Writing Apache Spark SQL custom logical optimization - the first version on waitingforcode.com

Versions: Apache Spark 2.4.0 https://github.com/bartosz25/spark-...mizations/UnionSimpleHintTest.scala

Last time I wrote about different hints present in RDBMS and Hive. Today it's the moment to implement one of them.

Data Engineering Design Patterns

Looking for a book that defines and solves most common data engineering problems? I'm currently writing one on that topic and the first chapters are already available in 👉 Early Release on the O'Reilly platform

I also help solve your data engineering problems 👉 contact@waitingforcode.com 📩

The post has 2 sections. In the first one, I will present you the code of "UNION hint" that will translate UNION operation into FULL OUTER JOIN. In the second section, I will give you some feedback about the things I learned during the process. Spoiler alert: it's not the last post from the series about Spark SQL customization. In the next ones, I will try to approach planner strategy customization and extend UNION hint.

Union hint

During next posts I will implement a kind of UNION hint that will transform UNION execution plan into one or more JOIN operations. I found the inspiration in SQL Server query hints execution plan - Part3 post where the author shows how to use 2 different UNION strategies, one using hashing and another merge union to combine both datasets. Please notice that the article was written in 2014 and maybe the things changed since.

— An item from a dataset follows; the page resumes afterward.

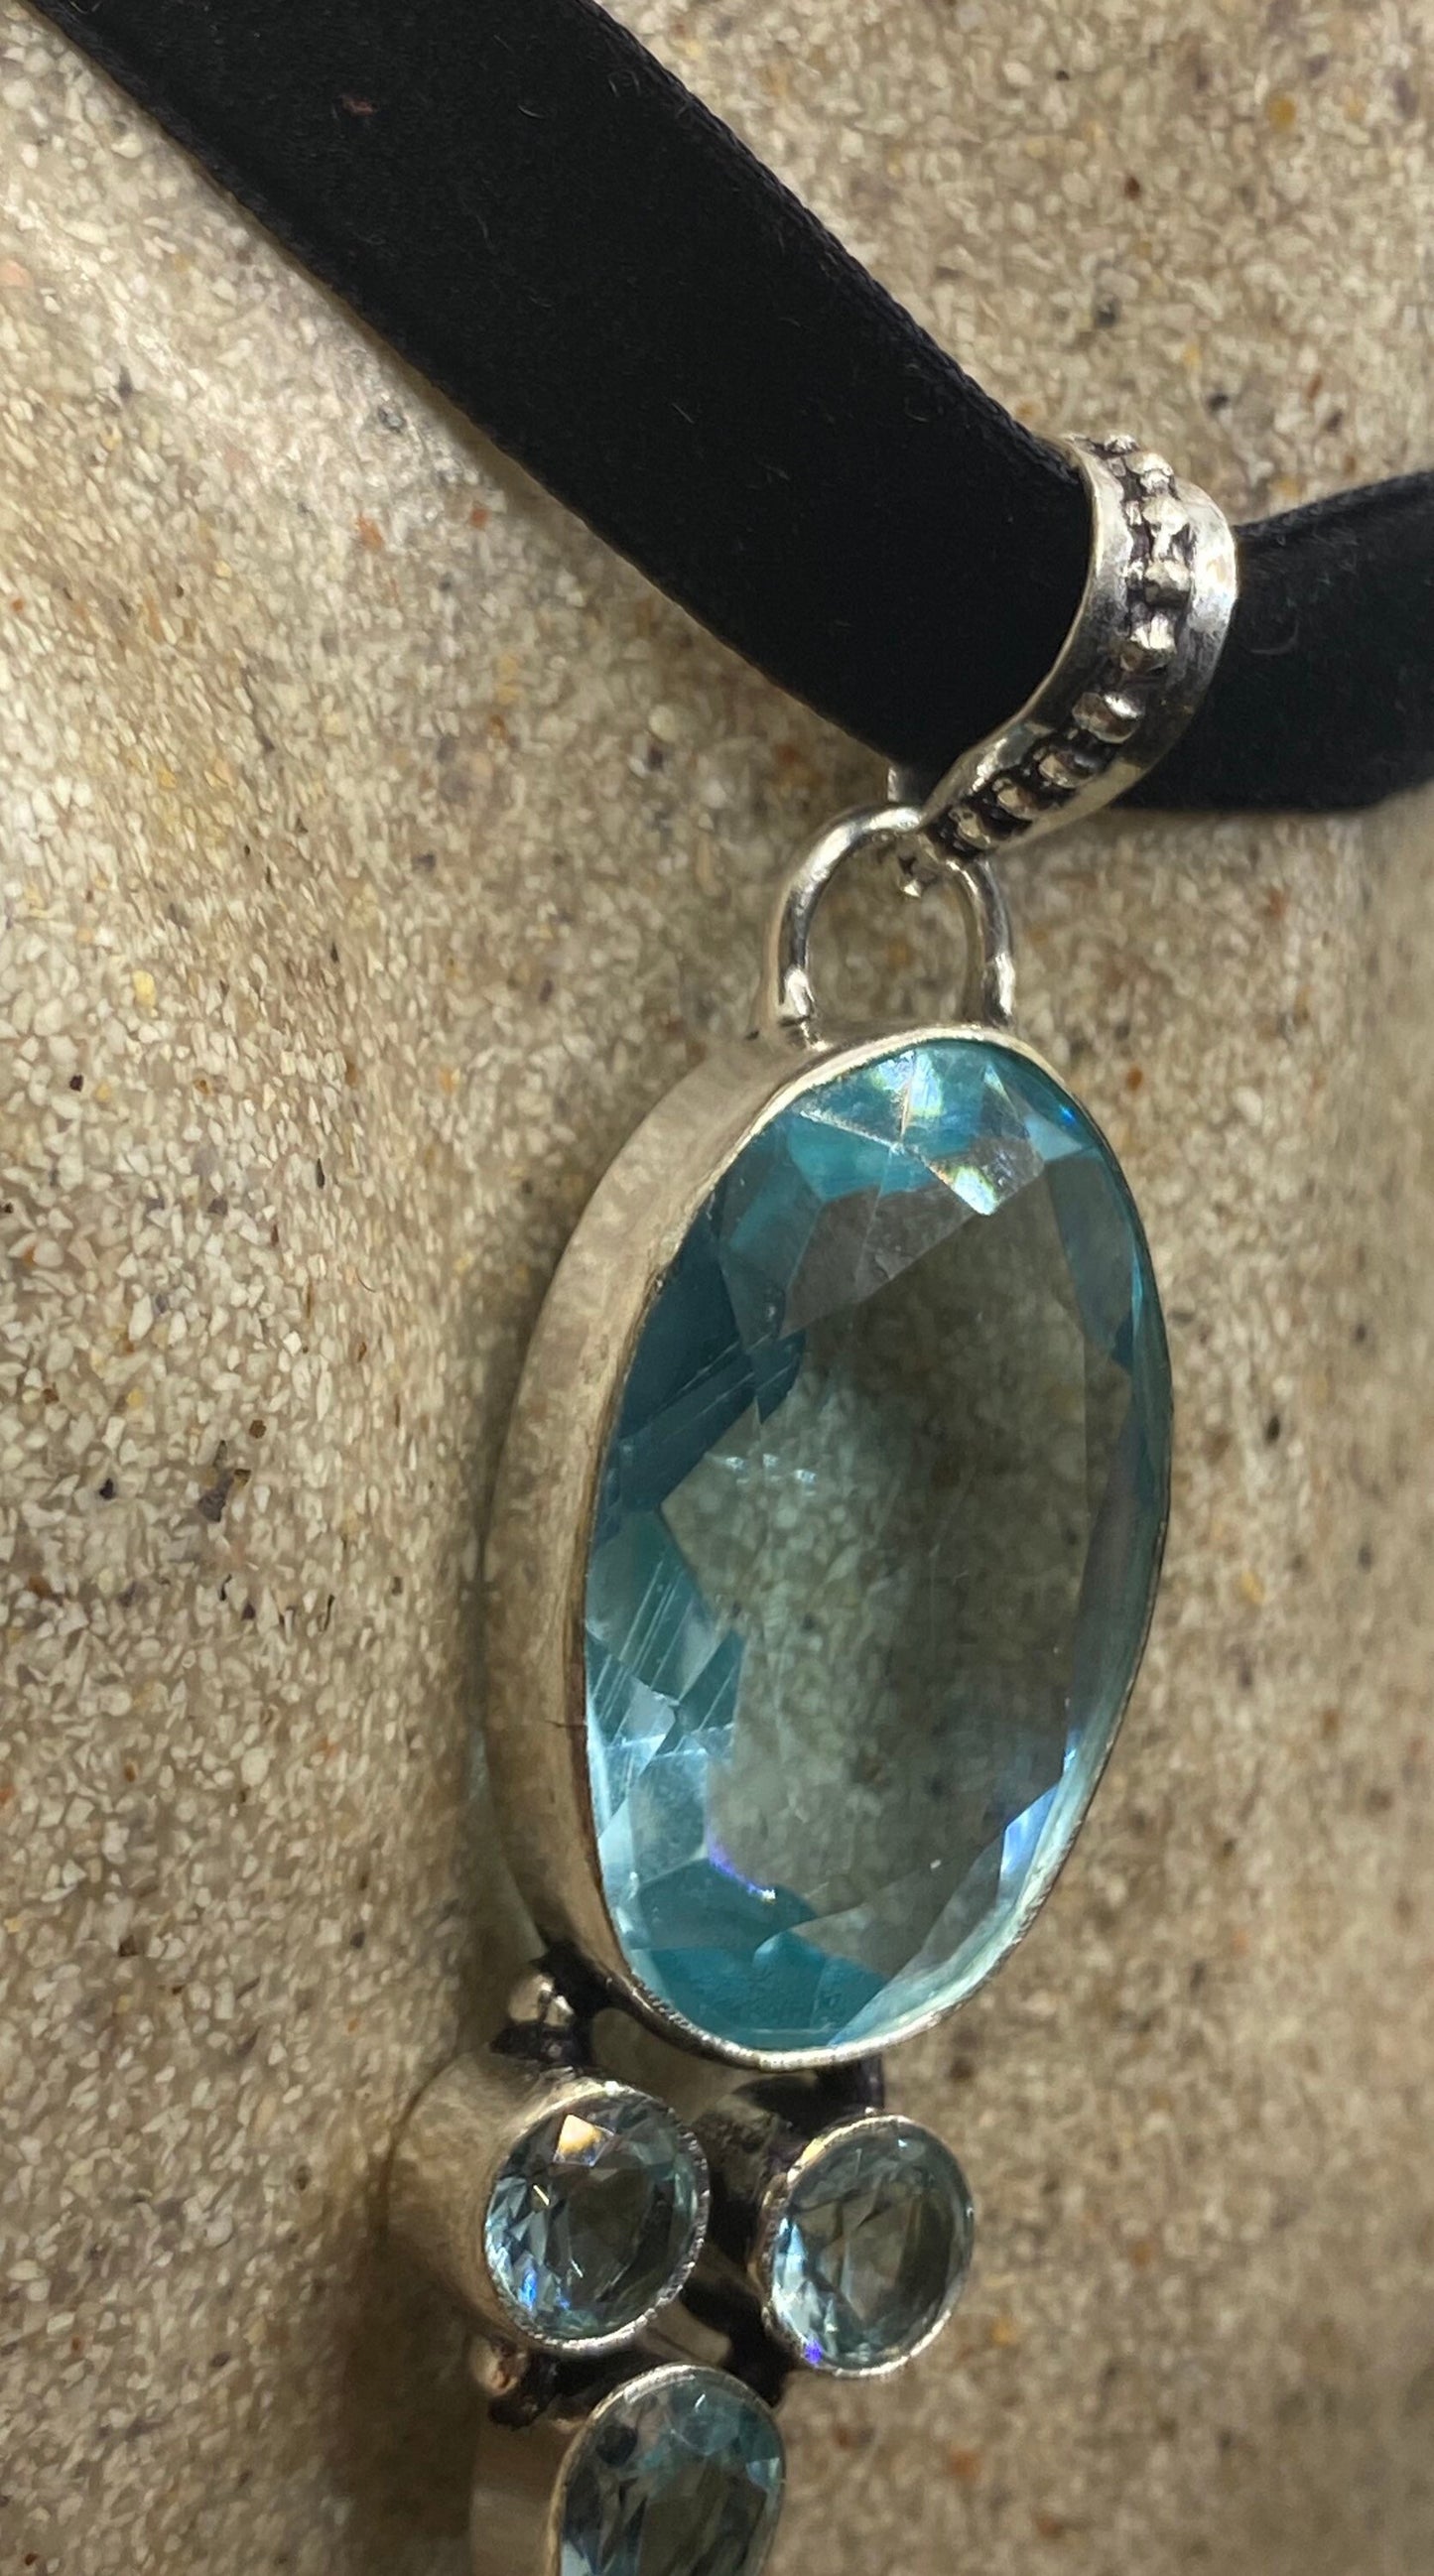 Antique Aqua Blue Volcanic Glass Choker Necklace

Even though I explored some of extension API internals in writing Apache Spark SQL custom logical optimization - API, I decided to start small and implement a very simple version of UNION transformer. This version works only for an operation applied on 2 datasets:

object UnionSimpleTransformer extends Rule[LogicalPlan] {

  override def apply(logicalPlan: LogicalPlan): LogicalPlan = logicalPlan transform {
    case distinct: Distinct if distinct.child.isInstanceOf[Union] => {
      val union = distinct.child.asInstanceOf[Union]
      val joinColumns = union.children.map {
        case localRelation: LocalRelation => localRelation.output
        case project: Project => project.output
      }
      val joinPairs = joinColumns.transpose
      val equalToExpressions = joinPairs.map(attributes => {
        EqualTo(attributes(0), attributes(1))
      })

      def concatExpressions(expression: Expression, remainingExpressions: Seq[Expression]): Expression = {
        if (remainingExpressions.isEmpty) {
          expression
        } else {
          concatExpressions(And(expression, remainingExpressions.head), remainingExpressions.tail)
        }
      }
      val concatenatedExpressions = concatExpressions(equalToExpressions.head, equalToExpressions.tail)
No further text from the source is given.